We are very keen to make sure this grant goes to people who need it most. We expect people to only put themselves forward if they are coming from a lower socio-economic background than the successful writers we see in culture in general. We may contact a potential recipient with some questions relating to: the type of school you might have attended, the highest level of qualification achieved by parents/guardians by the time you were 18, the type of work the highest income earner of your household did when you were a teenager, and your eligibility for free school meals. These questions are based on a resource published by the Civil Service as recommended measures for employers and which we think will help us in this process. We are putting a lot of faith in the people getting in touch with us and we hope you all respect the remit here. We want to help champion a more diverse writing scene, so please refrain from applying if you know you do not need this money.

What type of ‘stuff’ are you looking to award grants to?

Just send us whatever you are most proud of. You could send us something you think gives us a good idea of your wider practice, a few things, or even a work in progress that you need money to complete (but if you do that, bear in mind other people will be sending in finished works).

Is there a time limit or a word count you have in mind?

Any length is fine but please bear in mind that we are selecting the recipient alongside our usual workload. If something is very long, we might not be able to give it its due attention - in that case, a synopsis is very helpful. But bear in mind that other people will be sending short/fast content in.

What contact information do I need to provide?

If you do not check your email regularly, please provide a phone number as well. We would try to contact recipients via email at first but if they do not reply, we would then reach out by phone. This is because we will be announcing a recipient every month and as we have a deadline, we would have to postpone a grant and award that month to somebody else if there is no response.

Will you offer feedback?

No, we wish we could, but we are doing this on top of our usual workload and it will be a lot of work already just to read through all of the applications that come in. Hopefully we are better set up one day soon so that we can engage in a proper dialogue with everyone who does want to have a chat over email, but for now, we are very sorry that we have to say no. We wish it were otherwise.

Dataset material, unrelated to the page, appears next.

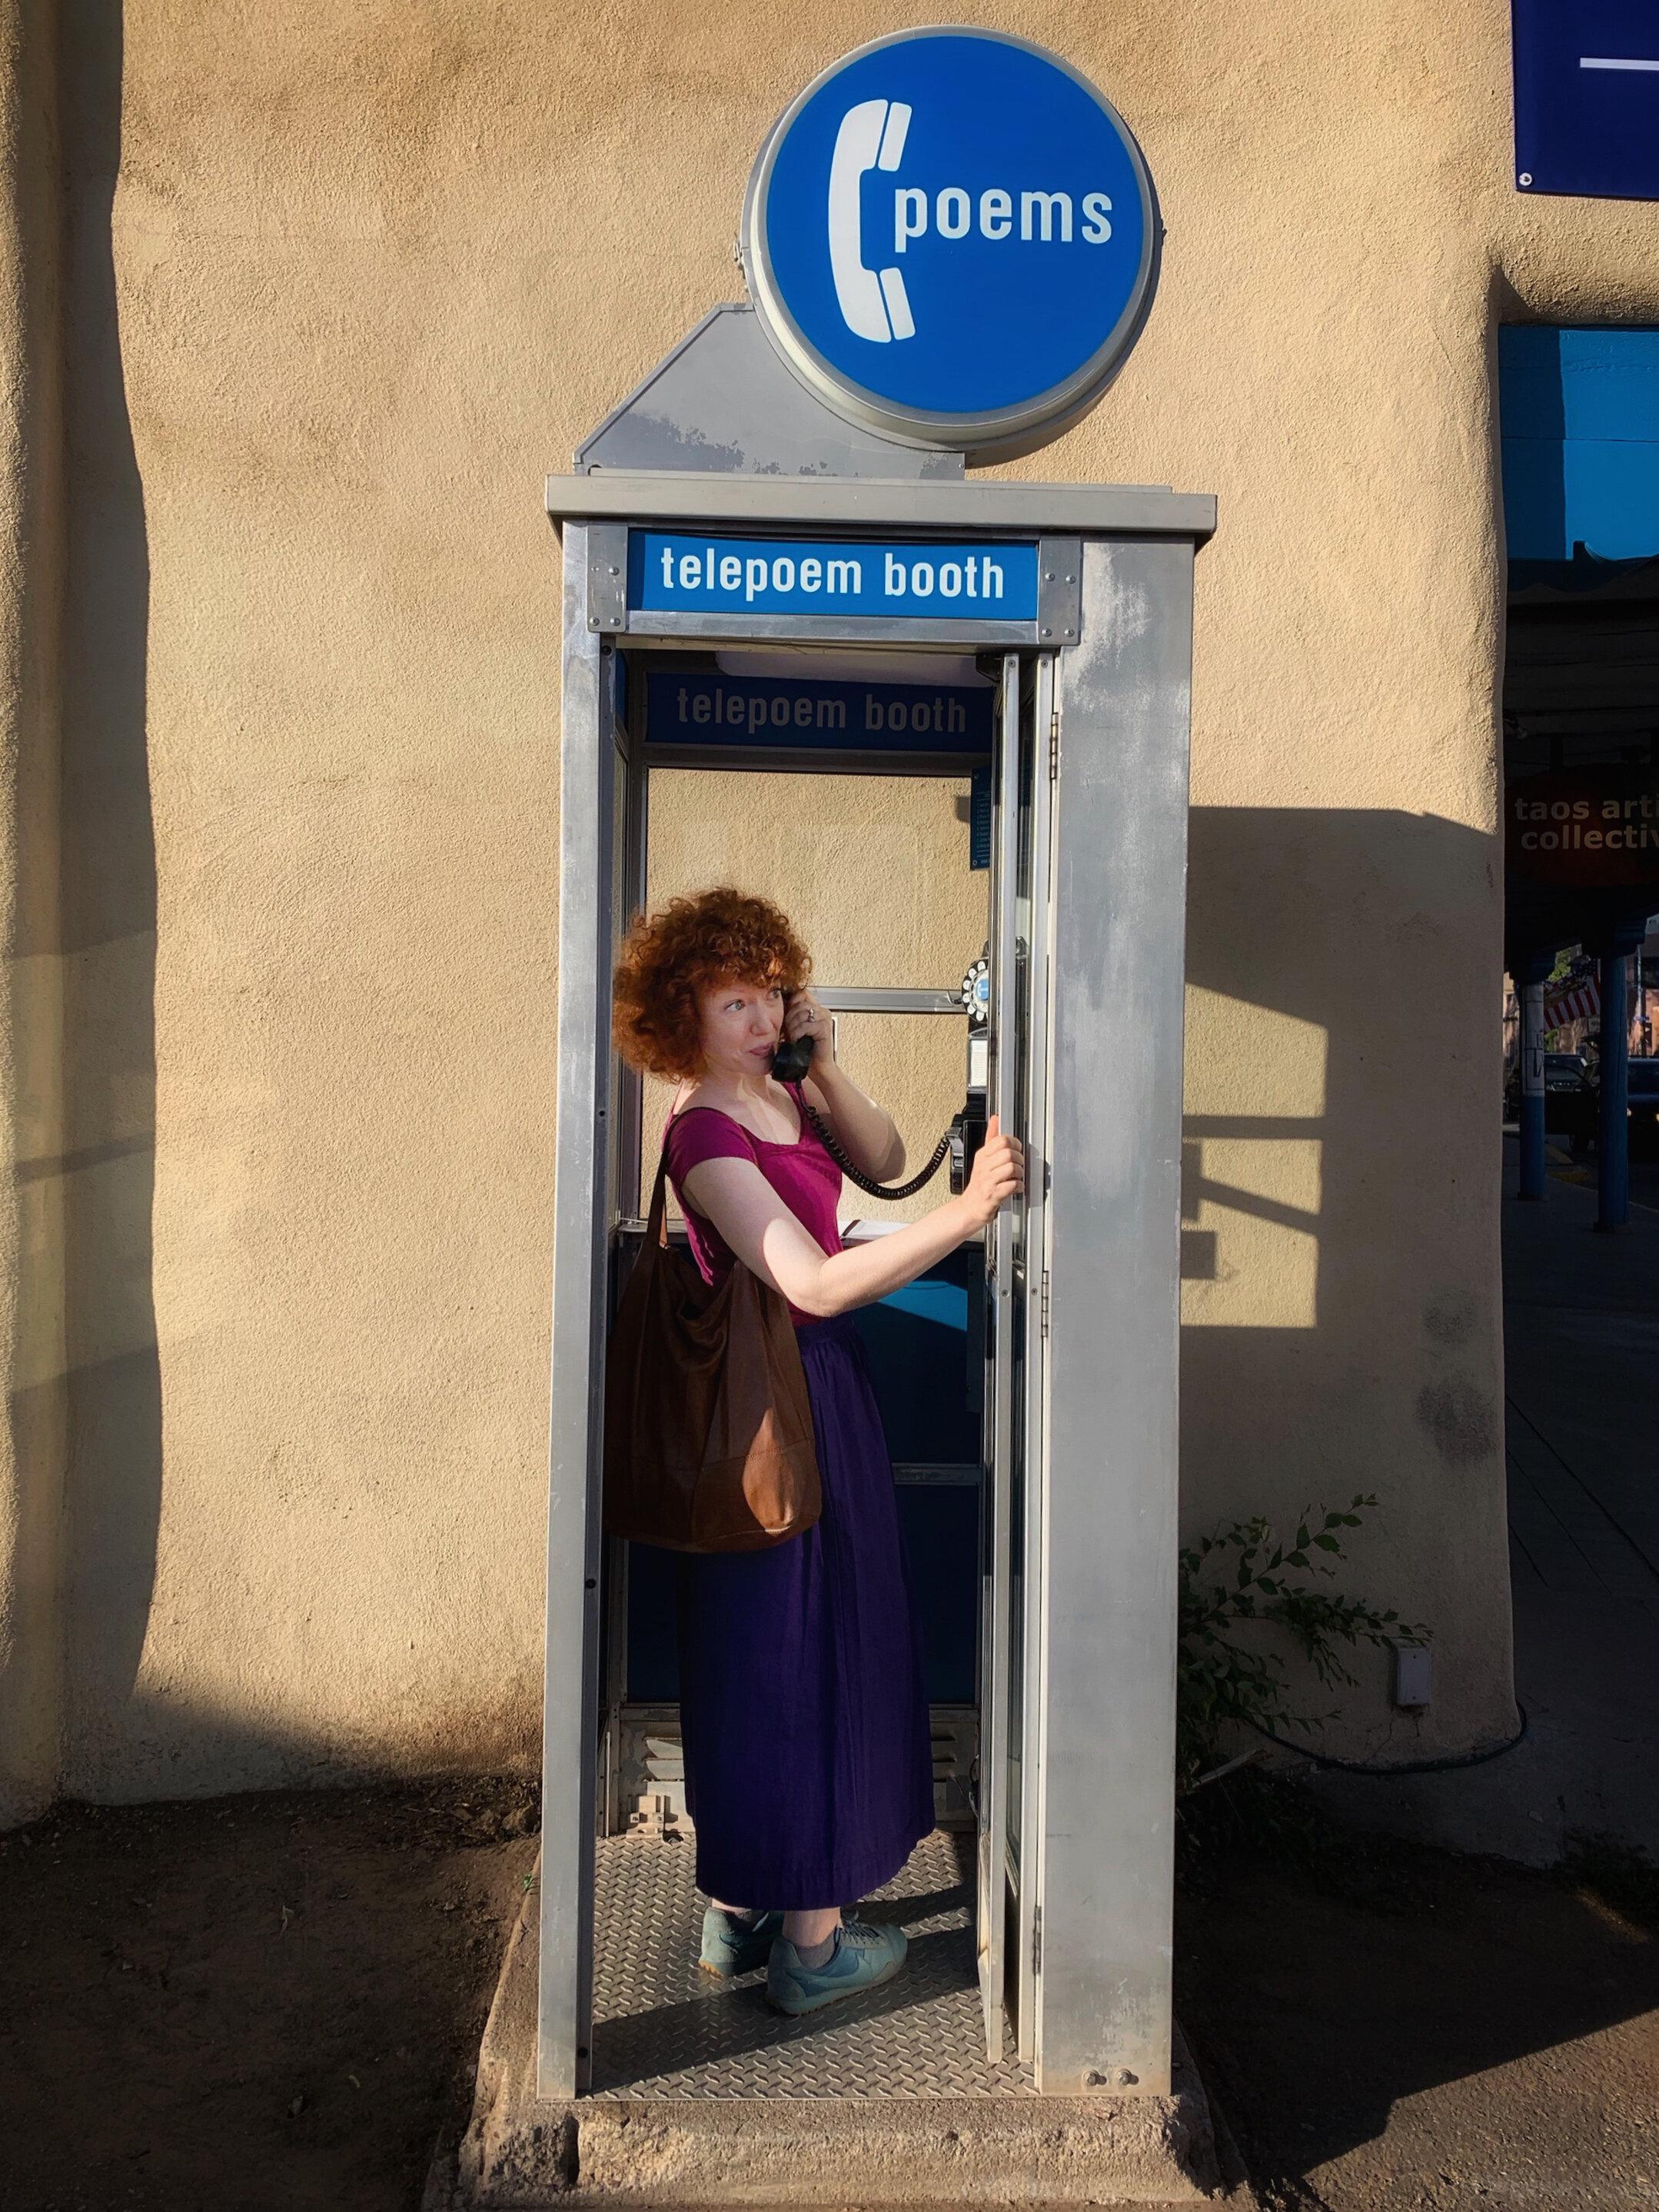 Susannah-Mira_telepoem-booth.JPG

Can I email multiple times?

Yes, if you’re emailing again to send more writing you’d like to submit for consideration, we’d appreciate it if you sent it in reply to your first email (so we can keep track of them both together in the thread). But it’s a rolling grant, so it’s not necessary to re-apply if you haven’t heard back from us immediately.

Will I hear back from you after emailing?

Unfortunately we are unable to provide a reply beyond the automated receipt email - we are just not set up to be able to write personalised replies to all of the applications that come in, sorry. If you have any questions, please check these FAQs in full before contacting us.

If I don’t hear back beyond the automated reply, does that mean my application wasn’t successful?

This is a grant that will be awarded to a different applicant every month, and we are planning on keeping a record of all emails and contact information that come into funding@thewhitepube.com. A lack of response on our part does not indicate a permanent rejection because we will be referring to the same growing record, as well as our own research, in order to select recipients for the grant as we go forward.

Can I email on behalf of somebody else?

As long as you have their express permission to do so, this is fine, especially as we know that finding the time to email over your work can be difficult, especially in the current economic climate; and also some people might need personal assistant support for various reasons, so just as long as you’ve got their permission, go for it.

Can I be paid in instalments?

Yes, you can be paid in instalments. We offer this option incase a lump sum would effect Universal Credit payments, etc.